Install dependencies (Ubuntu 18.04 and 20.04)
sudo apt -y install qemu qemu-utils qemu-system-x86
Install Packer
curl -fsSL https://apt.releases.hashicorp.com/gpg | sudo apt-key add -
sudo apt-add-repository "deb [arch=amd64] https://apt.releases.hashicorp.com $(lsb_release -cs) main"
sudo apt-get update && sudo apt-get install packer
Go to Packer template directory for DGX OS 5, i.e
cd packer-maas/dgxos5
Download DGX OS somewhere (i.e. /work)
Generate checksum of image
sha256sum /work/DGXOS-5.0.0-2020-10-01-18-07-44.iso
Build image
# When building the image, you can pass variables to the `build` command or edit the dgxos5.json file
# At minimum update the ISO location and SHA sum (dgxos5_iso and dgxos5_sha256sum)
# i.e.
# "variables":
# {
# "platform": "dgx1",
# "dgxos5_iso": "/work/DGXOS-5.0.0-2020-10-01-18-07-44.iso",
# "dgxos5_sha256sum": "6e5c7ba2024640b3f23ec8681c15c8ccf8997a23da91c7e9d4eacf73bb564bee"
# },
sudo packer build dgxos5.json
# Optionally, instead of modifying config file:
sudo packer build -var 'dgxos5_iso=/path/to/dgx_iso' -var 'dgxos5_sha256sum=<dgx_os_iso_sha256_sum>' dgxos5.json
# Available platforms: dgx1, dgx2, dgx_a100
# For more verbosity set `PACKER_LOG=1`, i.e sudo PACKER_LOG=1 build ...
Go grab a beer while the image builds...
Add image to MAAS:
# Be sure to substitute the proper platform name, i.e. dgx1, dgx2, dgx_a100
maas $PROFILE boot-resources create name='custom/dgx1-5.0' title='NVIDIA DGX-1 5.0' architecture='amd64/generic' filetype='tgz' content@=dgxos5.tar.gz
If using MAAS 3.0 or later, you will need to use the following command, which adds the base_image argument:
# Be sure to substitute the proper platform name, i.e. dgx1, dgx2, dgx_a100
maas $PROFILE boot-resources create name='custom/dgx_a100-5.1' title='NVIDIA DGX-A100 5.1' architecture='amd64/generic' filetype='tgz' base_image=ubuntu/focal content@=dgxos5.tar.gz
Ensure that you are authenticated via the commandline for your MaaS user.

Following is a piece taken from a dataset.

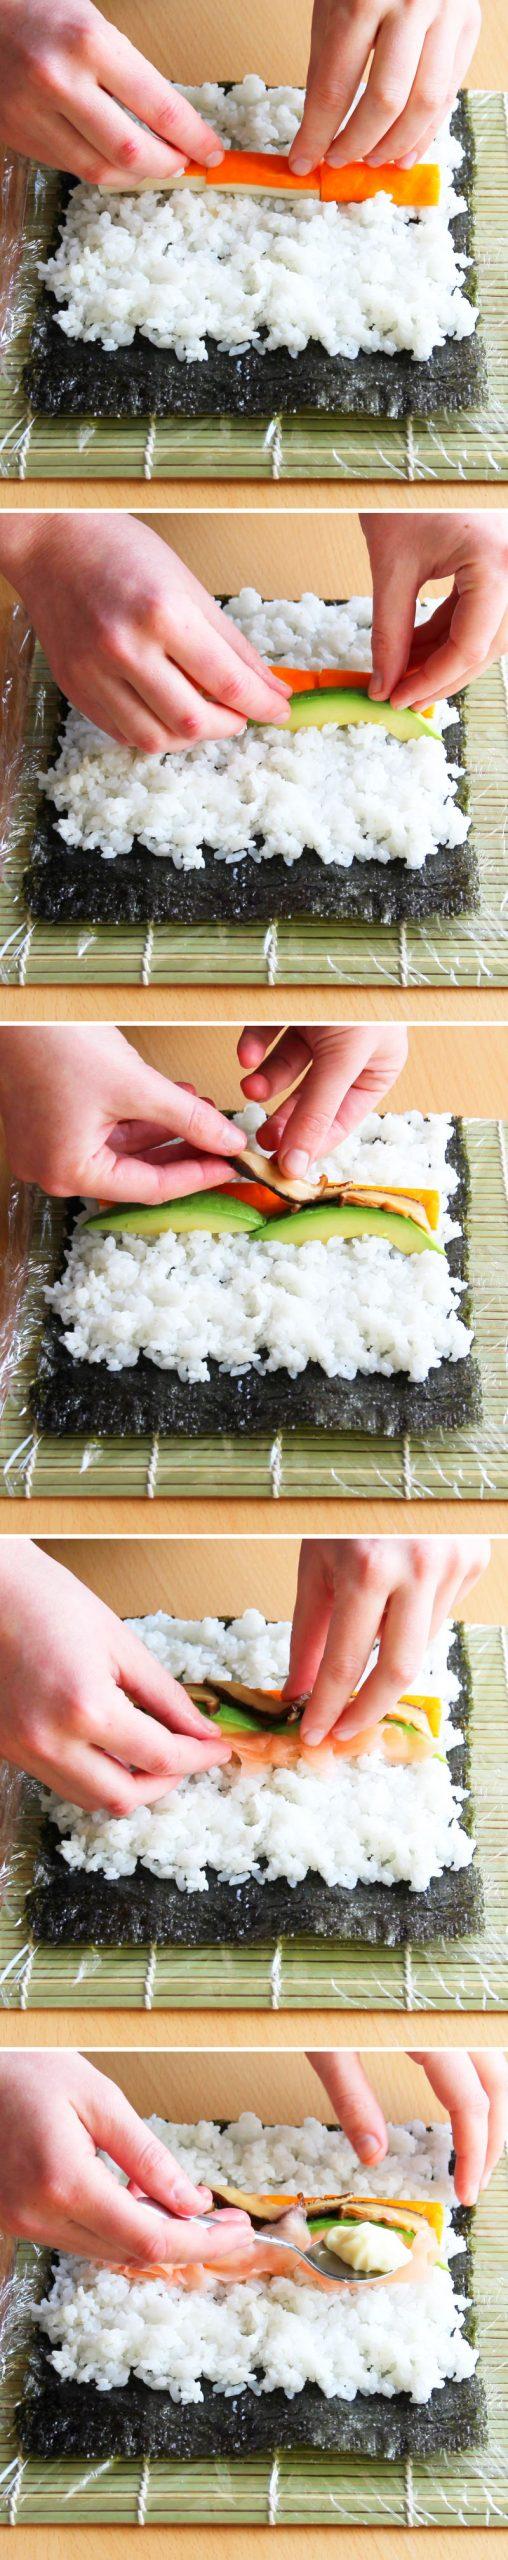 Futomaki Schritt 8 Sushi-Rolle formen

If you are not, you may encounter an error like this:
argument COMMAND: invalid choice: 'boot-resources' (choose from 'login', 'logout', 'list', 'refresh', 'init', 'config', 'status', 'migrate', 'reconfigure-supervisord', 'apikey', 'configauth', 'createadmin', 'changepassword')
To authenticate:
maas login $PROFILE http://<MAAS url>
#upon executing the above command, the following prompt will present
API key (leave empty for anonymous access):
At the prompt, enter an API key, which can be acquired with the following command:
maas apikey --username $PROFILE
Re-run the boot-resources command once authenticated.
Boot machines in EFI mode
In maas, create an EFI partition in addition to other partitions, i.e:
# NAME SIZE FILESYSTEM MOUNT POINT
sda-part1 511.7 MB fat32 /boot/efi
sda-part2 63.9 GB ext4 /
Troubleshooting:
# Sometimes nbd devices don't get unmounted between builds with packer
# so run as root:
umount /dev/nbd*
# between builds, remove artifacts:
sudo rm -rf output-qemu/ dgxos5.tar.gz
If you see an error like this from the boot-resources command:
[Errno 13] Permission denied: './dgxos5.tar.gz'
You can update the ownership of the tar.gz file, like this:
sudo chown <target user>:<target group> dgxos5.tar.gz
TODO Next:
- kernel parameters in MAAS (w/ tags)
- document generate one image per DGX type